Remarkably, we observed a subset of Mg-associated immunofluorescence exhibiting an unusual subcellular localization pattern that could be clearly enumerated by LSCM. Specifically, image analysis revealed evidence of mycoplasma protein distribution within host cell nuclei (Figs 2 and 3) in a rapid and efficient manner (Fig. 4). Similar results were obtained when either G37 or 1019V isolates were examined, so while the micrographs shown here depict G37, the images obtained with 1019V were indistinguishable. As shown in Fig. 2, images taken at the apical, central, and basal planes of nuclei in infected EM42 (A–C) or HeLa (D–F) cells demonstrate distinct immunofluorescence clearly included within the internal volumes. Furthermore, digital orthogonal sections through Z-series datasets (Figs 2 and 3) confirm that a portion of internalized Mg-associated immunofluorescence is within the volume of nuclei in both EM42 (Fig. 3A–C) and HeLa (Fig. 3D–F) cells 30 min after infection. To confirm that the Alexa 488 signal from Mg was within the DAPI signal delineating host nuclei, line traces measuring pixel intensity in both channels were performed through orthogonal sections to obtain a profile of the fluorescence distribution in both DAPI and Alexa 488 detection channels (Fig. 3D–F). As demonstrated by the trace of fluorescence intensities within a selected region (Fig. 3; white box) of an infected host nucleus (Fig. 3; red box), the fluorescence distribution of Alexa 488-stained Mg, depicted as a green line in the intensity profile graph, is fully contained within the area occupied by the DAPI-stained host cell nucleus represented by the blue line in the intensity profile graph (Fig. 3). Therefore, Mg immunofluorescence in this micrograph is definitively located within the host cell nucleus. Importantly, this staining pattern is specific, as negative controls (see Methods) exhibited no evidence of Mg-related immunofluorescence.

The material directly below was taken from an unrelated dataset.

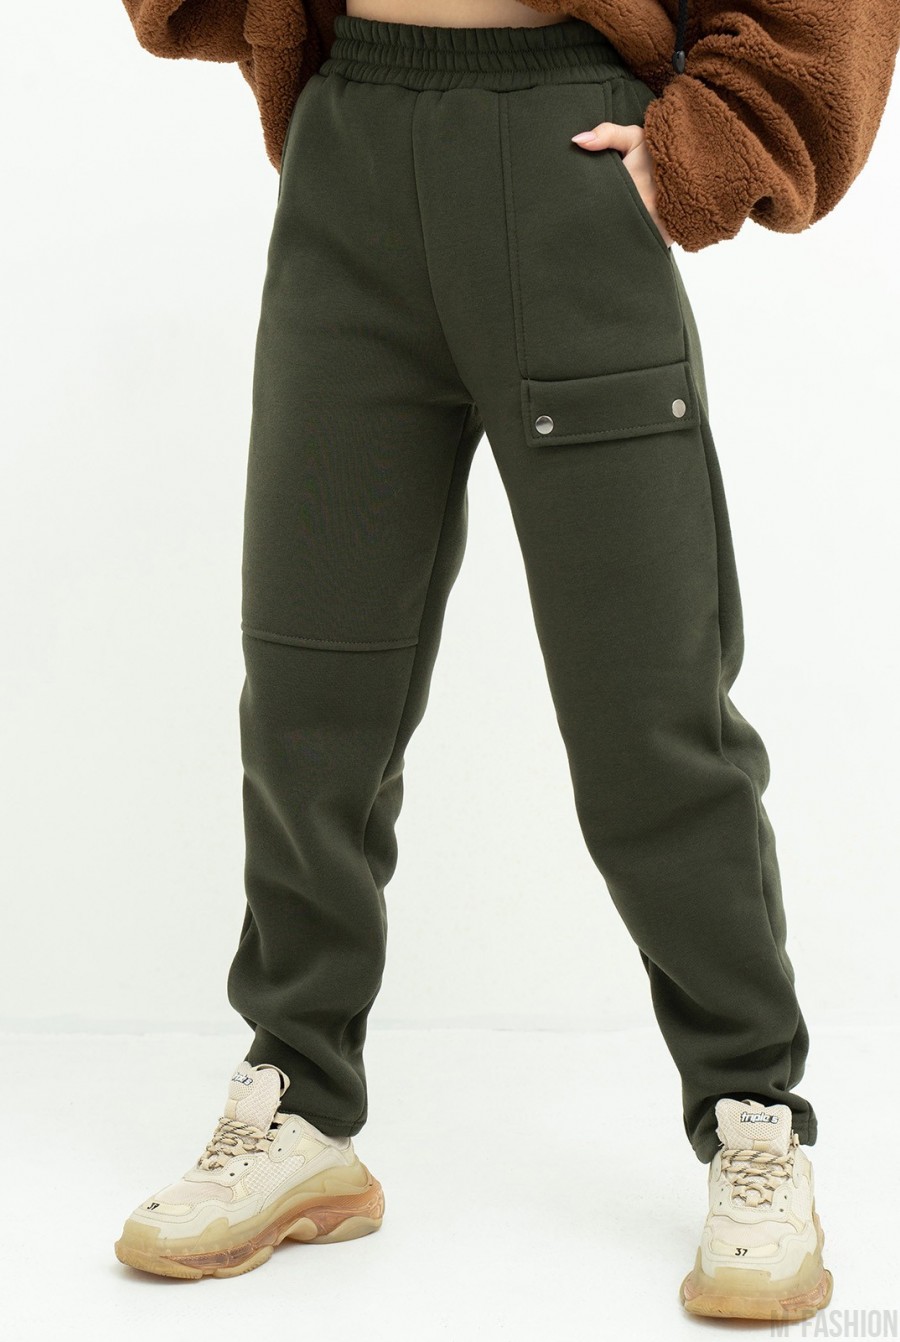 Теплые спортивные штаны цвета хаки с клапаном - Фото 1

(103K): Fig. 2. LSCM of the nuclear region (blue) of Mg G37 (green)-infected uroepithelial cells at 30 min post-infection. Panels A–C represent different areas (A, apical plane; B, central plane; C, basal plane) within the nuclei of the same group of Mg G37-infected EM42 endometrial cells. Panels D–F represent different areas (D, apical plane; E, central plane; F, basal plane) within the nuclei of the same group of Mg G37-infected HeLa cervical epithelioid cells. The DAPI-stained host nuclei appear blue while the green-appearing Mg G37 were visualized using primary rabbit antibody directed to the C-terminal region of P140 adhesin and Alexa 488-conjugated secondary antibody.

(69K): Fig. 3. LSCM of nuclear region (blue) of Mg G37 (green)-infected uroepithelial cells at 30 min post-infection. Digital orthogonal sections through Z-series datasets confirm that Mg G37-associated immunofluorescence is within the volume of EM42 (A–C) and HeLa (D–F) cell nuclei. Images show the central section of individual nuclei of EM42 (A) and HeLa (D) cells and extended views of the horizontal (B and E) and vertical (C and F) Z-projections of EM42 and HeLa cells, respectively. Colours of arrows (red, yellow and white) indicate the localization of Mg immunofluorescence in the horizontal and vertical Z-projections. The small red-boxed portion of (E) is enlarged (large red box) to better delineate DAPI and Alexa 488. The white box defines the nuclear area through which the trace of relative intensities of green (Mg) and blue (host nucleus) pixels was determined. Data are graphically depicted in the Intensity Profile, where all green pixels representing Mg are contained within the blue pixels defining the host nucleus.

(10K): Fig. 4. Percentage of human EM42 cells with nuclear-associated Mg G37 and 1019V immunfluorescence at 30 min, 1 h or 3 h post-infection. Black bars, Mg G37; white bars, Mg 1019V; *P<0.05; ***P<0.001.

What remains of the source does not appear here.